La pared terminaría y se asomarían unas grandes formaciones de hielo, gigantes dormidos, como si la montaña nos mostrara sus últimos guardianes, se sentía como si estuviera en otro planeta, uno inhóspito, fue una verdadera conquista y amor a primera vista. Seguidamente encontraríamos un puente de hielo que debíamos cruzar con mucho cuidado para finalizar con otro ascenso que no tendría un desnivel tan pronunciando como la anterior pared. ¡Por fin cumbre! Fue lo primero que pensaría, el Cayambe se dejaría conquistar finalmente, pero nos recibiría con una temperatura de -12 ° C y una nevada que incluso congelaría instantáneamente mi barba y mis cejas. La escena parecía sacada de una película, teníamos un filo por delante para lograr la cumbre definitiva e izar la bandera de Ritacuba (la marca de mi hermano) pero las condiciones extremas nos sacarían de allí, disfrutando de la cumbre conseguida por tan solo unos 10 minutos.

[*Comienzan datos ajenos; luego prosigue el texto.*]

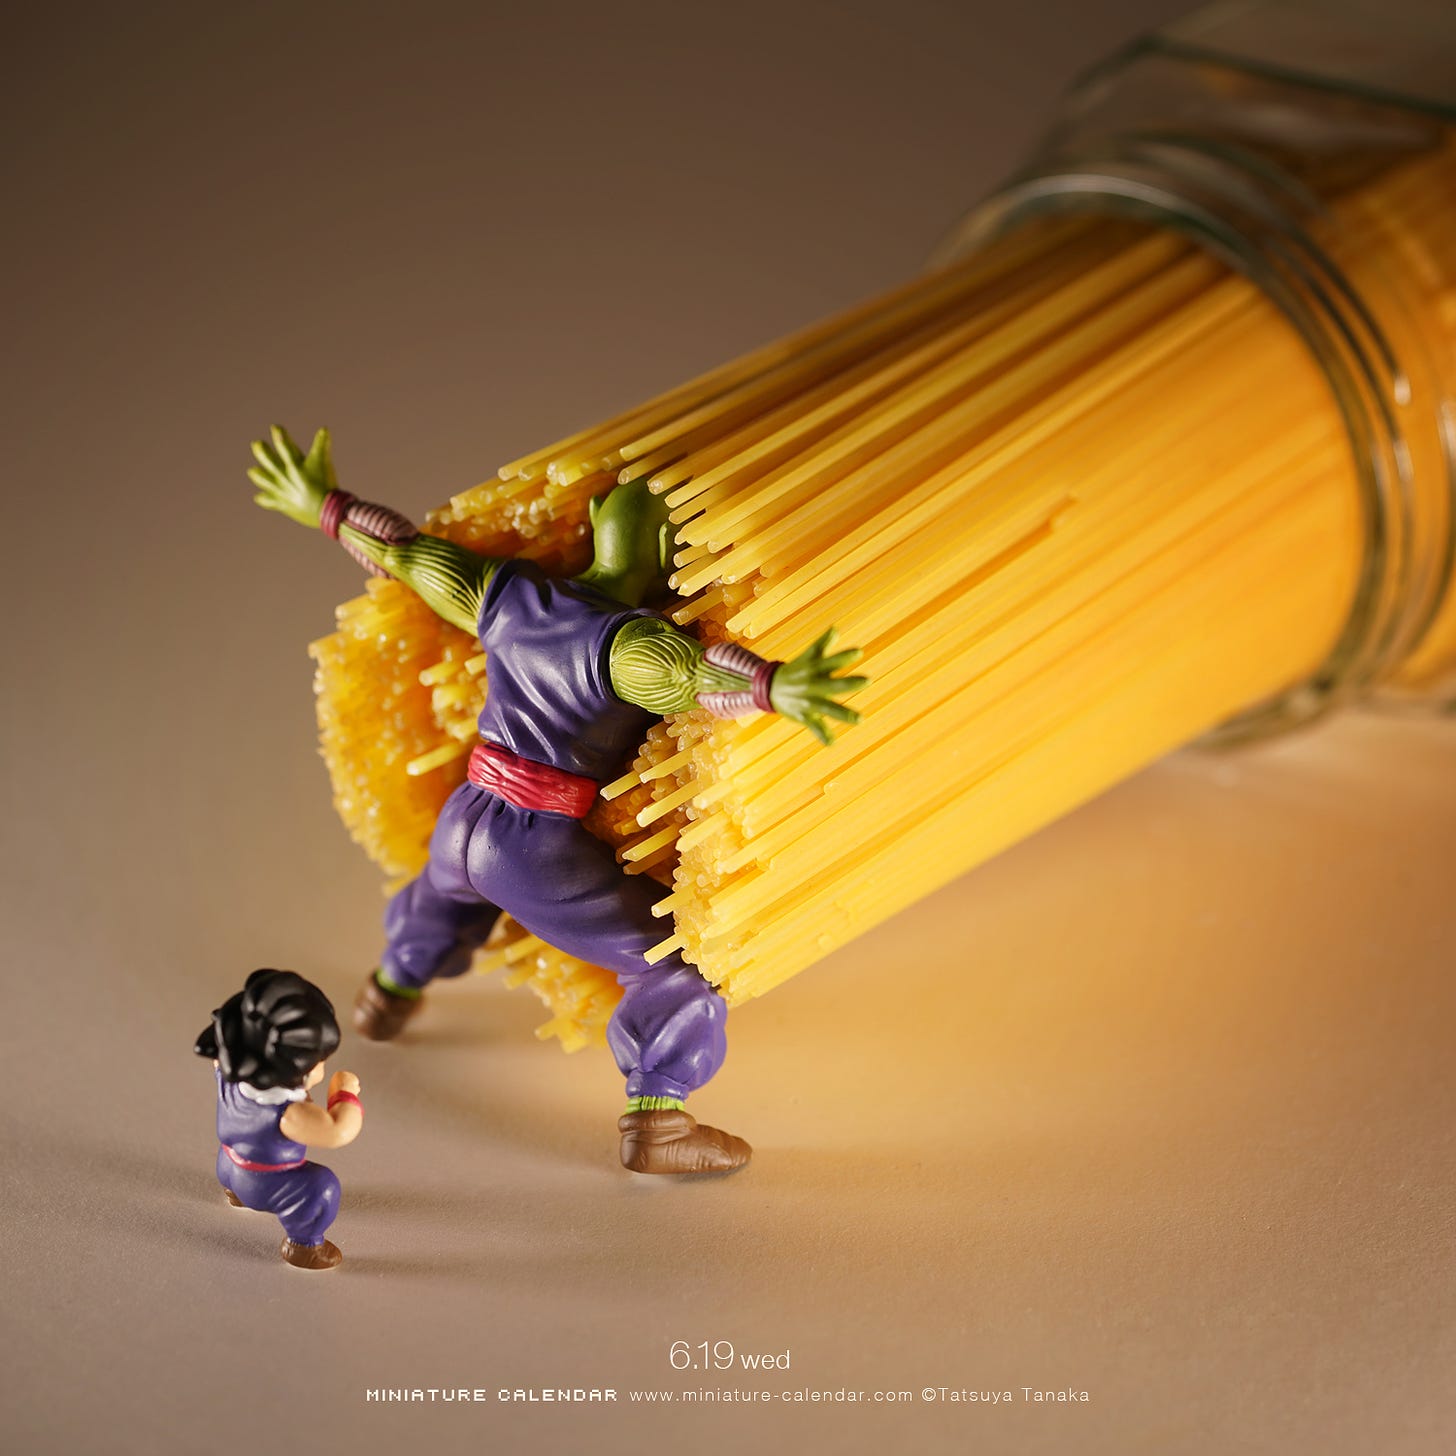 Piccolo & Gohan, by Tanaka Tatsuya
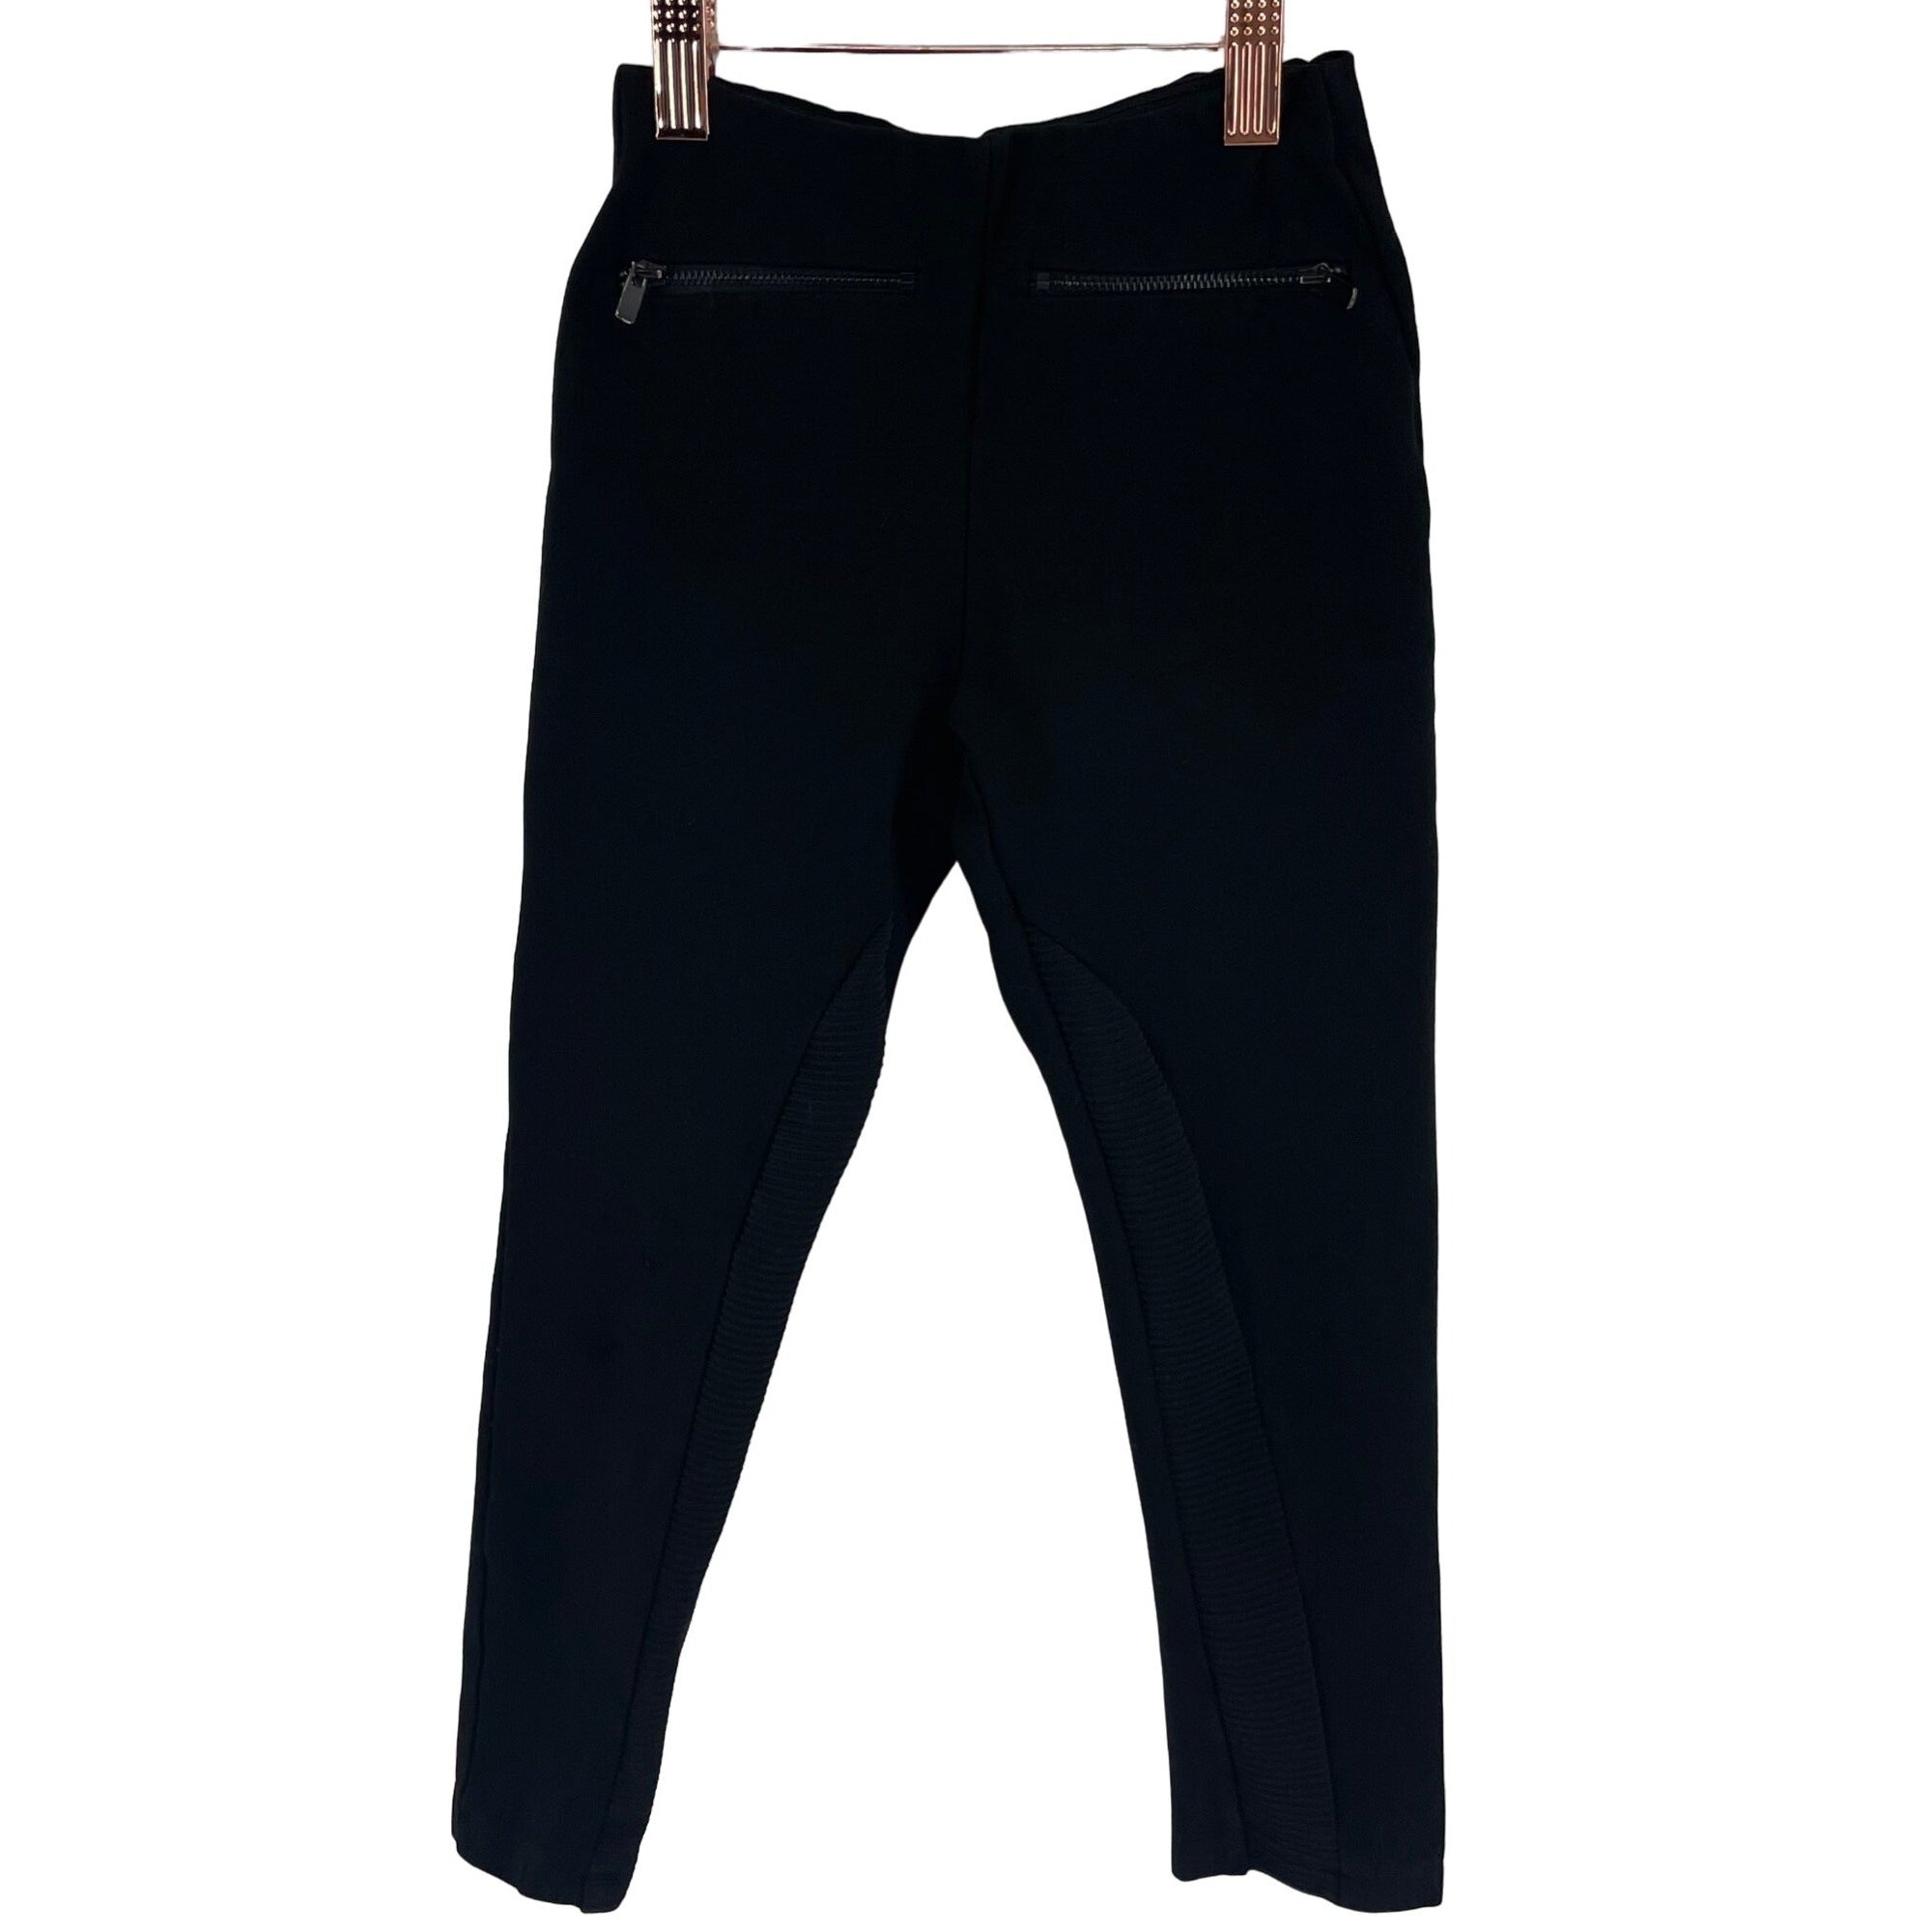 Zara Girl's Size 8 Skinny Pants W/ Elastic Waist & Zipper Pockets

Una vez supe que lograría la cumbre, mis fuerzas literalmente se desvanecieron. No pensé que mi cuerpo estuviera pensando en rendirse, mis pies no querían caminar más, pero debía hacerlo o podía congelarme y poner en riesgo mi vida. Cualquiera pensaría que el ascenso es lo más difícil en la escalada, para mí lo fue más el descenso. El mal de altura o soroche estaría cobrándome factura y mi cuerpo realmente lo sentía, las fuerzas que acompañaban a mi mente estaban hechas un remolino de confusiones. Recuerdo decirles a Rafael y a mi hermano “Déjenme aquí un rato” mientras estaba comiendo algo para seguir con el descenso o “¿No vendrá un helicóptero por nosotros?”.  Entre chanza pero a la vez seriedad, esperaba que pudiera convertirse en una realidad aquel deseo ingenuo. Ahora que lo pienso, Rafael debió darse cuenta por esos comentarios que ya el soroche se estaba apoderando de mí, efectivamente así lo fue.

Volviendo a descender por la misma pared que casi me derrota subiendo, mis piernas no responderían como esperaba, las duras botas debía utilizarlas para dar patadas y crear unos pequeños peldaños para bajar, recordé de nuevo que debía tener fuerza y sincronía con mi cuerpo. Así fue como empezaría a domar el descenso para continuar con la travesía que aún no terminaba, esta vez mi hermano parecía estar muy feliz por descender, si él hubiera podido correr seguro lo habría hecho, pero yo no. Mis energías estaban en un porcentaje muy bajo para seguirle el paso a él y a Rafael que en este caso, estaría cuidándome las espaldas en ese descenso tan peligroso, de hecho hubo un momento que resbalé y pensé que rodaría cuesta abajo. Rafael me tendría con la cuerda y con su experiencia me daría  instrucciones precisas en medio de gritos para que no perdiera la concentración, la importancia de tener un buen guía fue determinante. En definitiva, este fue un momento realmente extremo y decisivo para mí.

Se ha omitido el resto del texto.